On Petraeus: The Manufacturing Of A Storyline
In an atrocious piece of reporting fueled by a rigged poll question, the New York Times "reports:"
Americans trust military commanders far more than the Bush administration or Congress to bring the war in Iraq to a successful end, and while most favor a withdrawal of American troops beginning next year, they suggested they were open to doing so at a measured pace, according to the latest New York Times/CBS News Poll. . . . Asked to choose among the administration, Congress and military commanders, 21 percent said they would most trust Congress and 68 percent expressed most trust in military commanders.
There are many problems with this storyline.
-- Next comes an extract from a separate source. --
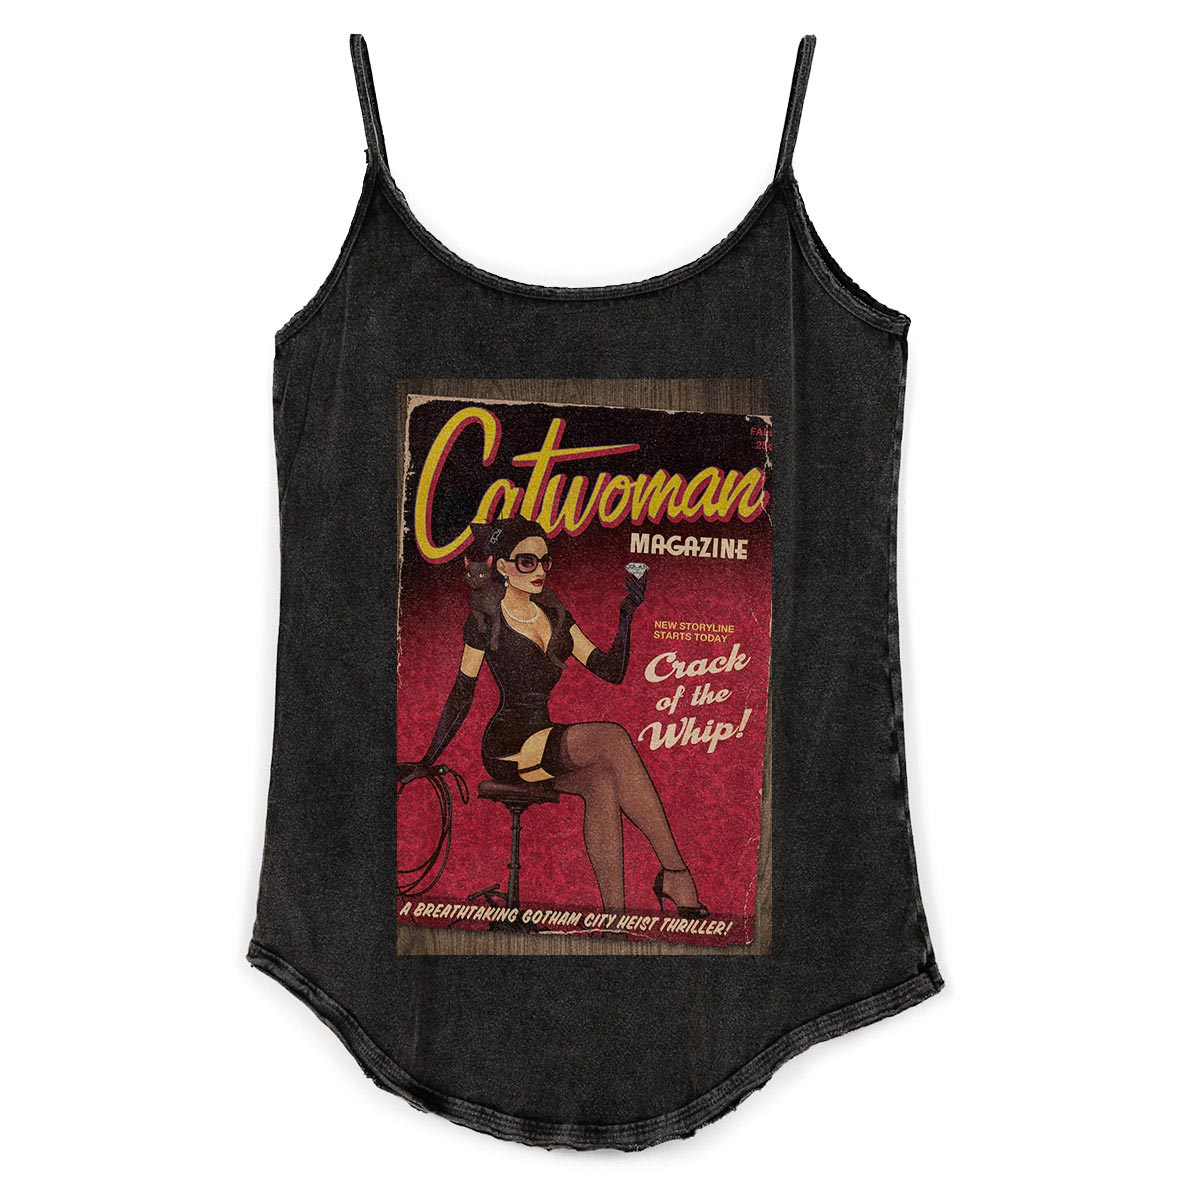 Regatinha Feminina Catwoman Magazine  - bandUP Store Marketplace
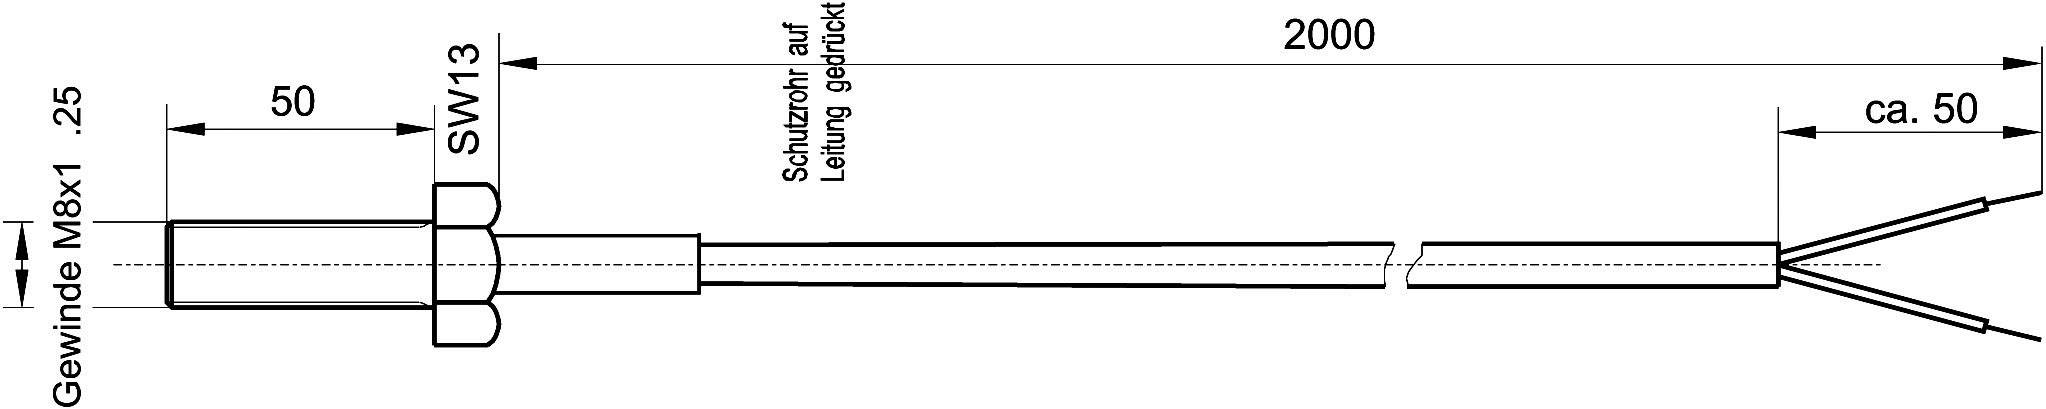 Teplotný senzor Enda K4-TC-J, -50 do 400 °C, 2 m, 7.97 mm

First and foremost, Americans do not get to choose who gets to "end the war." Perhaps the New York Times does not know this, but we are a country that has civilian control of the military. The military follows the orders of the civilian Commander in Chief, the President of the United States. Bruce Ackerman has written on this alarming view of military control apparently endorsed by the news pages of the New York Times.
More.
As polling methodology, the phrasing of the question begins "[i]f you had to choose," a dead giveway of a setup question that simply is unsound. The results were not surprising. The trustworthiness of politicians versus the military has always been and always will be a mismatch. Indeed, the fact that the military only got a 68% finding, to 21% for a failed Congress, and 5% for the worst, most mendacious President in history, is actually quite a bad finding for General Petraeus specifically, and the military generally. The politicization of the military that such figures as Dick Meyers, Peter Pace and Petraeus have engaged in has greatly damaged their credibility. Consider previous trustworthiness findings. On general trustworthiness, in 2006, 72% of Americans said they would trust military officers while just 35% would trust members of Congress. But in a head to head now, the military does worse now against one of the least trusted groups of people in the country.
The lack of trust in General Petraeus in particular was underscored by, via Drum, a Washington Post poll that found that a majority of Americans do not believe that General Petraues will be completely forthright in his testimony and instead will try and defend his policy by fudging the facts.
In short, this is a shoddy piece of journalism that can not be explained innocently. I do not want to ascribe motives to the New York Times news pages, but either there is complete incompetence or some other explanation for this atrocious work.